Three to five pages. Lists the findings from the most recent test cycle, the severity of each, the mitigation applied, and the residual risk. Findings are categorized by OWASP risk and mapped to MITRE ATLAS technique. The board reads this artifact to understand what went wrong and what was done about it.

Artifact Three: Threat Landscape Update

Two to three pages. Summarizes new attack techniques, public incidents involving similar systems, and updates to OWASP, NIST, or MITRE catalogs since the last cycle. The board reads this artifact to understand whether the threat surface has shifted in ways the program needs to address.

Artifact Four: Program Health Indicators

One to two pages. Reports test-cycle adherence, mean time to mitigate findings, scope-register currency, and any significant gaps in staffing or tooling. The board reads this artifact to understand whether the program itself is operating effectively, separate from whether the systems it tests are secure.

The Tooling Stack

The tooling stack has three layers. The lower layers are commodity; the upper layer is judgment-driven.

The first layer is the test-automation framework. Open-source frameworks include Promptfoo, garak, and Microsoft’s PyRIT. Commercial offerings include Lakera Guard and HiddenLayer. The framework choice depends on the system’s deployment pattern; some frameworks integrate more cleanly with cloud-deployed APIs than with on-premises models.

The second layer is the tactic library. MITRE ATLAS publishes the canonical library; some commercial tools maintain extended libraries. The library should be kept current with MITRE updates and with internal additions specific to the organization’s threat model.

The third layer is the human red-team capability. Tooling automates the known tactics; humans discover new ones. The human layer is what differentiates a mature program from an automated scan. Investment in human capability pays back through findings the tooling cannot produce.

Frequently Asked Questions

Should we build internal capability or use a vendor?

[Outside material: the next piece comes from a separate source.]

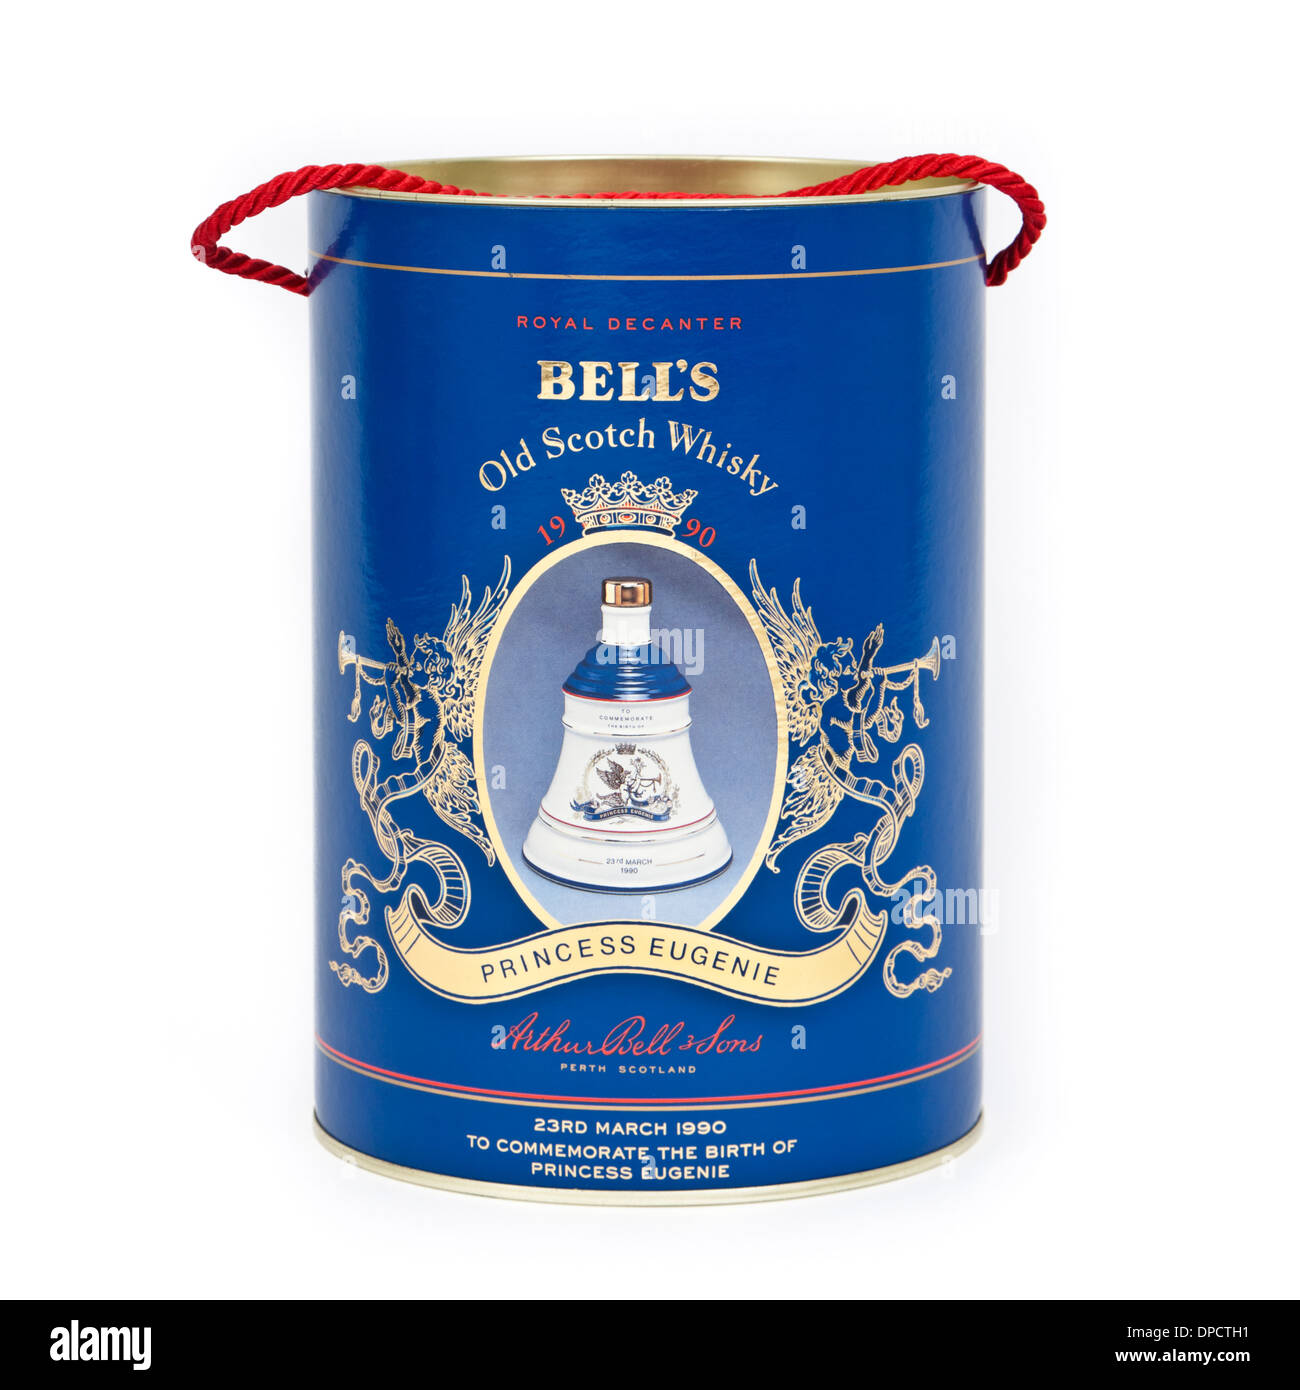 Bells Old Scotch Whisky - Box Porzellan Royal Decantermade von Wade, zum Gedenken an die Geburt von Prinzessin Eugenie (23.03.1990) Stockfoto

Most programs start with a vendor engagement and transition to internal capability as the system count grows. A program with one or two AI systems is rarely large enough to justify dedicated headcount. A program with ten or more systems needs internal capability for cadence and institutional knowledge.

How does AI red teaming differ from traditional penetration testing?

Traditional penetration testing tests deployed software for known classes of vulnerabilities. AI red teaming tests learned systems for emergent behaviors, including behaviors the developer did not anticipate. The skill set overlaps but the methodology is distinct; some traditional pen-testers retrain into AI red teaming successfully, others do not.

Are bug bounties relevant for AI systems?

Yes, with adaptation. Several organizations run AI-specific bug bounties focused on jailbreaks, prompt injection, and policy bypasses. Bug bounties supplement formal red teaming but do not replace it; the formal program produces the documented governance trail that bug bounties cannot.

What about regulatory red-teaming requirements?

The EU AI Act imposes red-teaming requirements on high-risk AI systems and on general-purpose AI models with systemic risk. NIST AI 600-1 incorporates red teaming into the GenAI Profile. Future regulatory frameworks are expected to add specifics. A program designed against OWASP, NIST, and MITRE will be substantially aligned with most emerging regulatory requirements.

Should we publish our red-team findings?

Public disclosure of findings is rare and controversial. Most organizations share findings selectively with the affected vendor (when the system is third-party) and within trusted information-sharing communities. Public disclosure of generic technique categories may serve the discipline; public disclosure of system-specific exploits is generally inappropriate.

How do we measure red-team program maturity?

Five indicators: scope-register completeness, test-cycle adherence, mean time to mitigate findings, OWASP and MITRE catalog currency, and board-artifact quality. A program scoring well on all five is mature; a program scoring well on two or three is in development.